Saturday, March 6, 2010

More Weisberg Than We Want Or Need


The hits keep on coming. Today's conventional-wisdom-masquerading-as-deep-insight is called Make It Stop! How Obama can Get Behind the Idea of Limited Government. Are you looking for a succinct description of the subservient, paralyzed thinking that goes by the name "liberal" these days? Well look no further:

It's not unreasonable to worry that, in responding to the biggest economic slump since the Great Depression while fighting two wars, the United States will find itself with a more expensive, more intrusive public sector and a less free and dynamic private one.

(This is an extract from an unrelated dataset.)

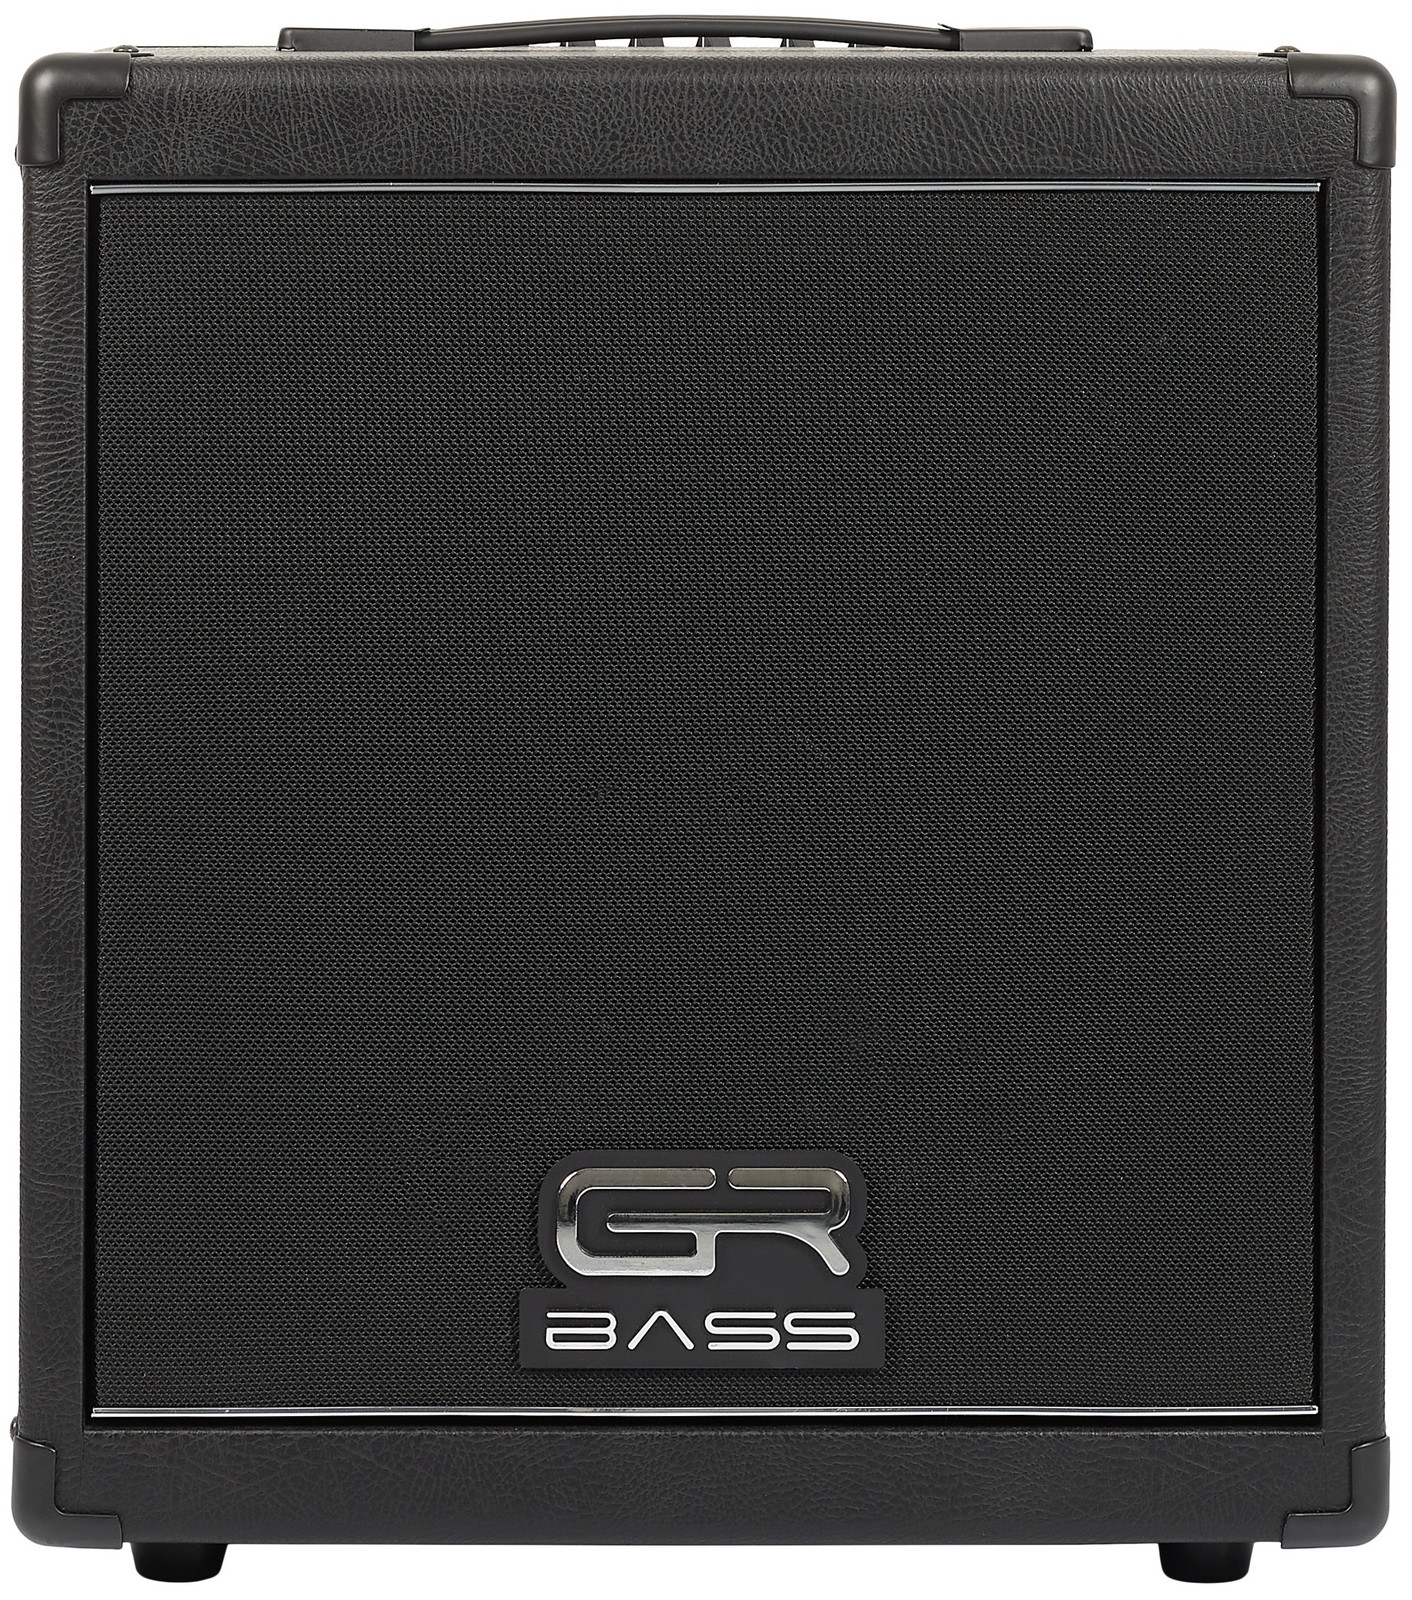 GR Bass CUBE 350 (rozbalené)
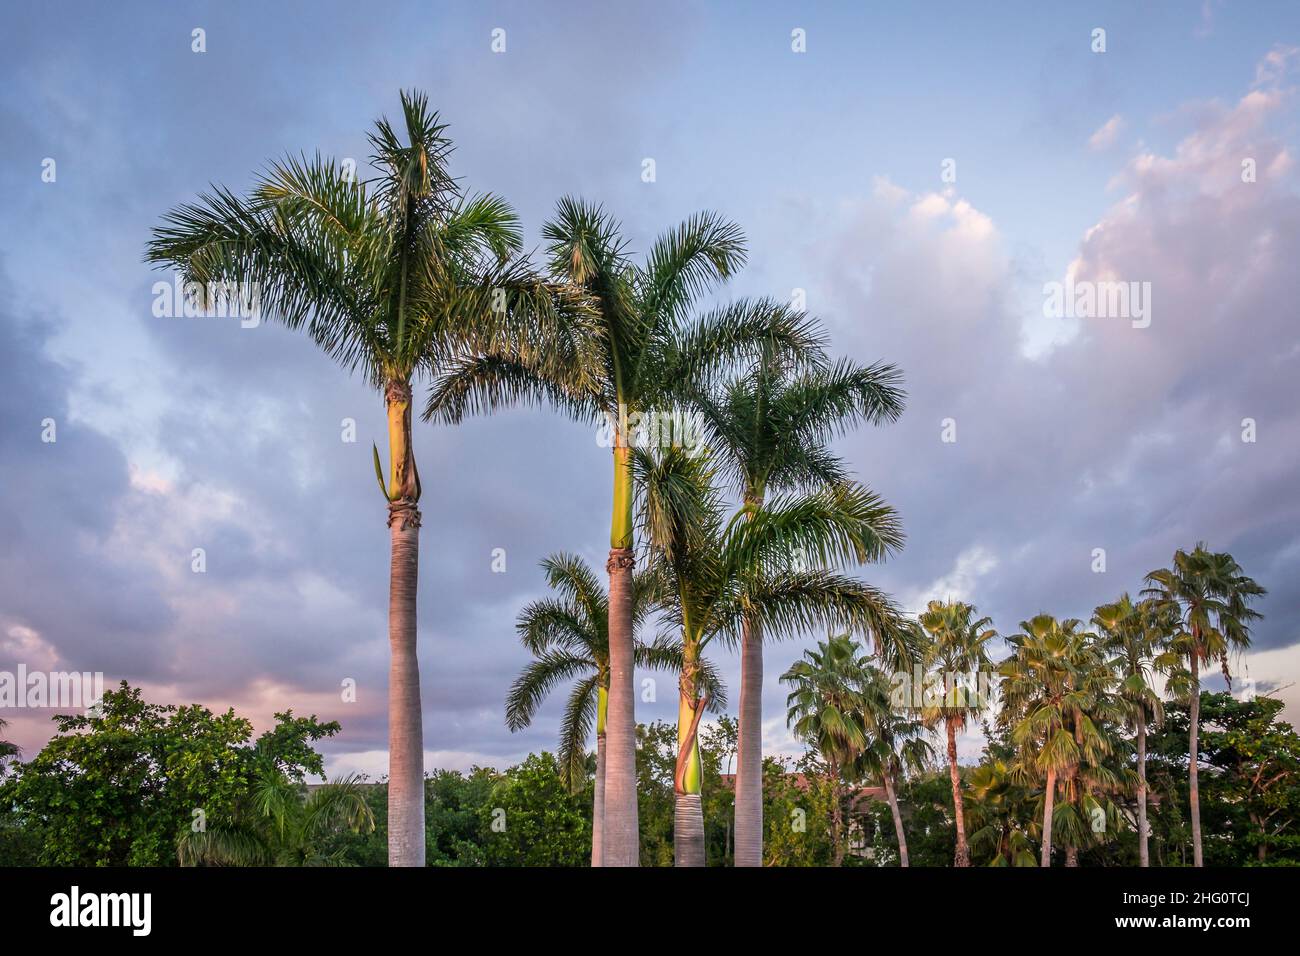 Le palmier se trouve sur un parcours de golf redondant au coucher du soleil, Grand Cayman, îles Caïman Banque D'Images

It's funny, because if I were a Martian who just arrived on Earth and read this sentence, I'd figure that the biggest economic slump since the great depression and two wars we're fighting would probably be the most important things we have to worry about. But I guess those things pale in comparison to the real specter that haunts our dreams: our government might be getting bigger. Yikes!

Now, I know free and dynamic private enterprise=jesus and intrusive public sector=satan. I know this. The American public certainly knows it. And "liberal" Jacob Weisberg knows it. It's so obvious, it's not even worth parsing. Whatever.

Politically, the backlash against expanding centralized government is hardly a new problem for Democrats. In the 1930s, Franklin D. Roosevelt faced a largely class-based reaction to the New Deal's extension of Washington's role into social insurance, regional development, and last-resort employment. In the 1960s, Lyndon Johnson was confronted with a racially tinged reaction against his use of federal power to fight poverty and advance civil rights. Since California passed Proposition 13 in 1978, distrust of government has been a primary driver of Republican advantage and a dagger pointed at Democrats, who have only really thrived when they took calls to limit government seriously.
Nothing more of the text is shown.